Eine gefährliche Situation spielte sich im Dezember 2020 ab, als ein mit einer Armbrust bewaffneter Mann aus seiner Wohnung Pfeile schoss. Der Einsatz dauerte mehrere Stunden, bis schließlich ein Sondereinsatzkommando den Mann überwältigte. Auch die Corona-Pandemie war und ist sowohl für die Polizei als auch für die Bürger eine besondere Herausforderung: „Die Regeln ändern sich ständig und man muss immer auf dem neuesten Stand bleiben.“ Es bleibe abzuwarten, was sich bei den steigenden Inzidenzen verändert.
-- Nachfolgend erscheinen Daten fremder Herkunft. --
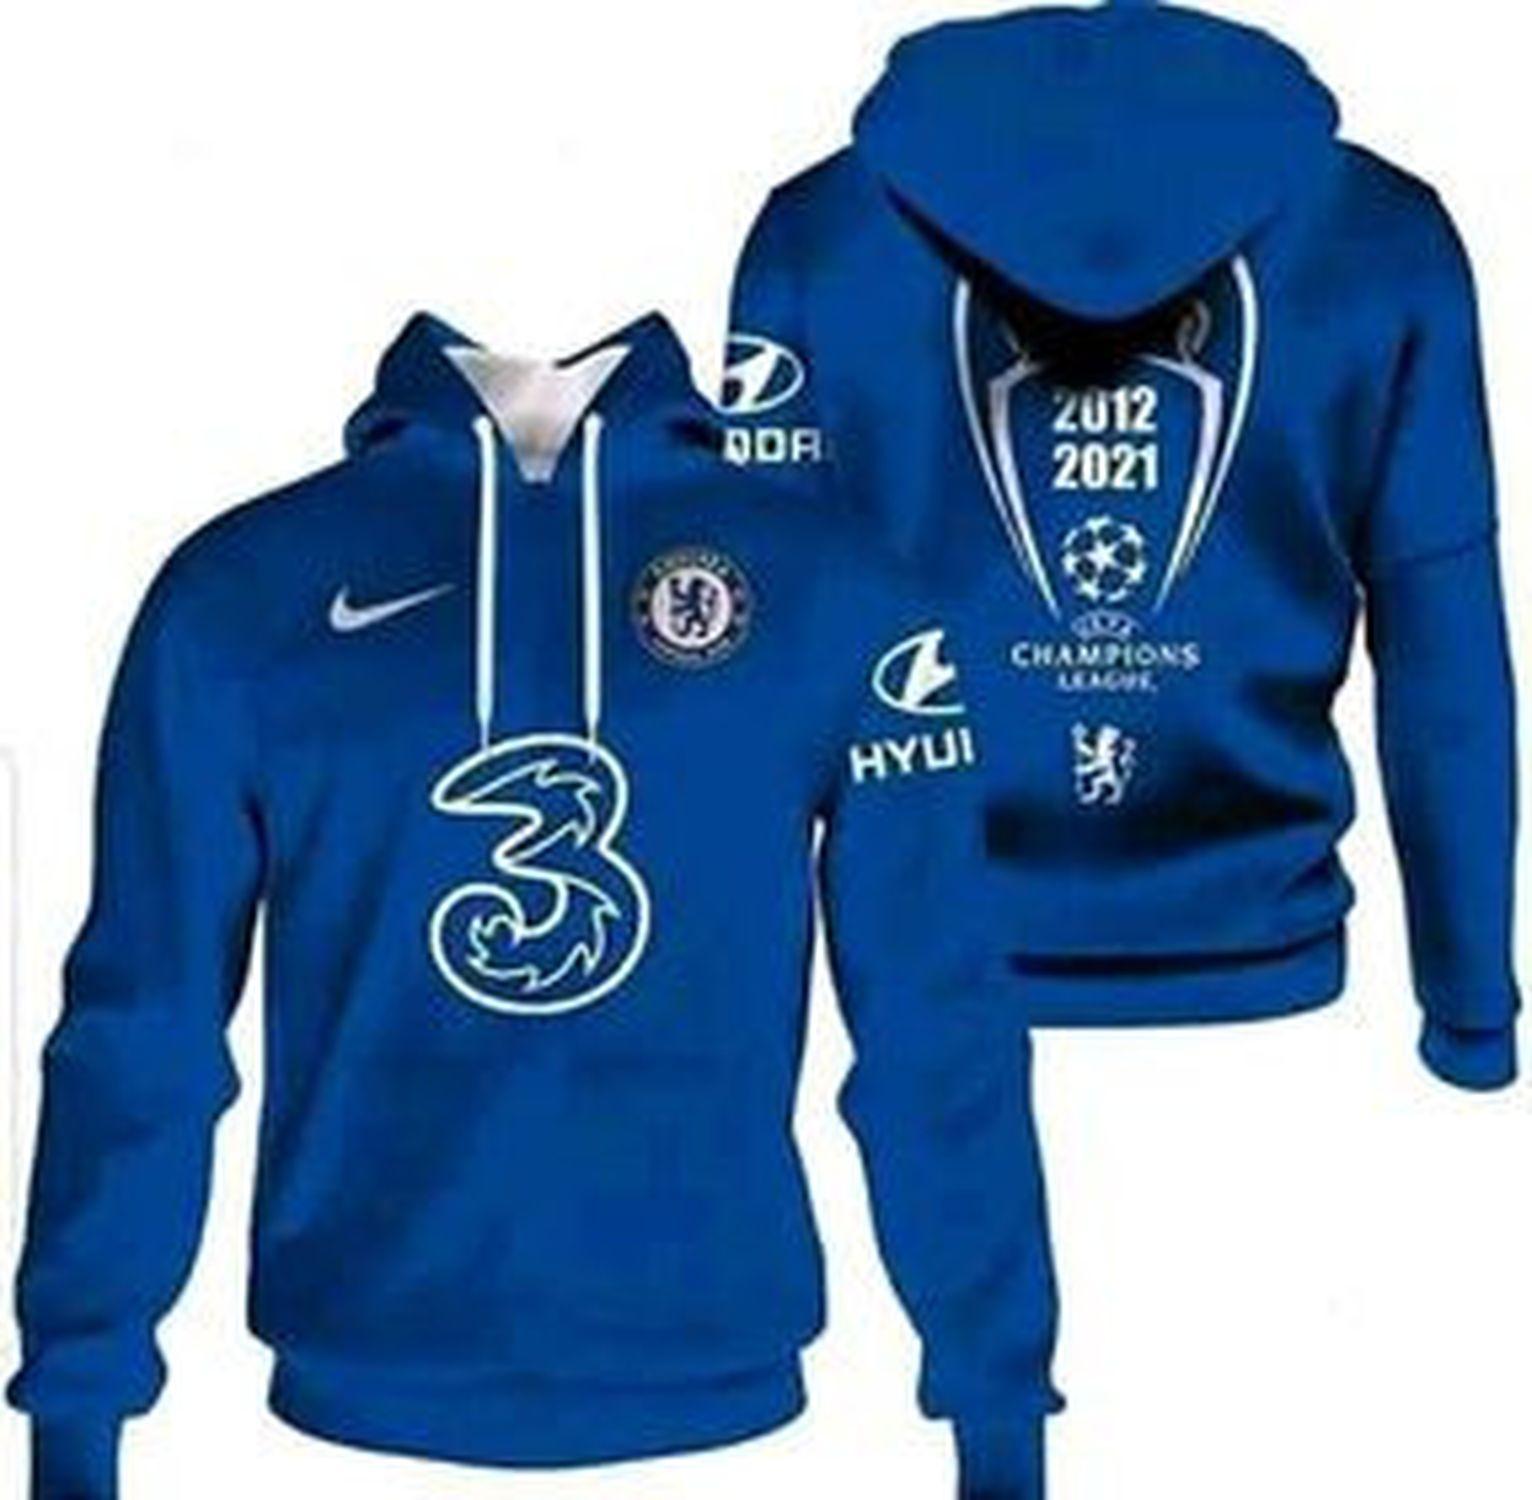 Chelsea 2012 2021 champions league hoodie

Aus diesen Gründen hat der Dienststellenleiter einen klaren Wunsch für die Zukunft: „Es sollen alle immer gesund aus dem Einsatz zurückkommen, sowohl Bürger als auch Polizisten.“ Dieses Anliegen ist für ihn am wichtigsten.
Im kommenden Jahr ist zum Jubiläum einiges geplant. An einem Sonntag in der ersten Septemberhälfte soll es einen Festakt und einen Tag der offenen Tür geben. Außerdem ist eine Ausstellung in Altdorf in Zusammenarbeit mit dem Armeemuseum Ingolstadt geplant. Dabei sollen Exponate wie Bildaufnahmen und Fahrzeuge aus der Polizeigeschichte gezeigt werden. „Das soll die Polizeiarbeit nicht nur darstellen, sondern auch greifbar machen“, blickt Mihatsch voraus.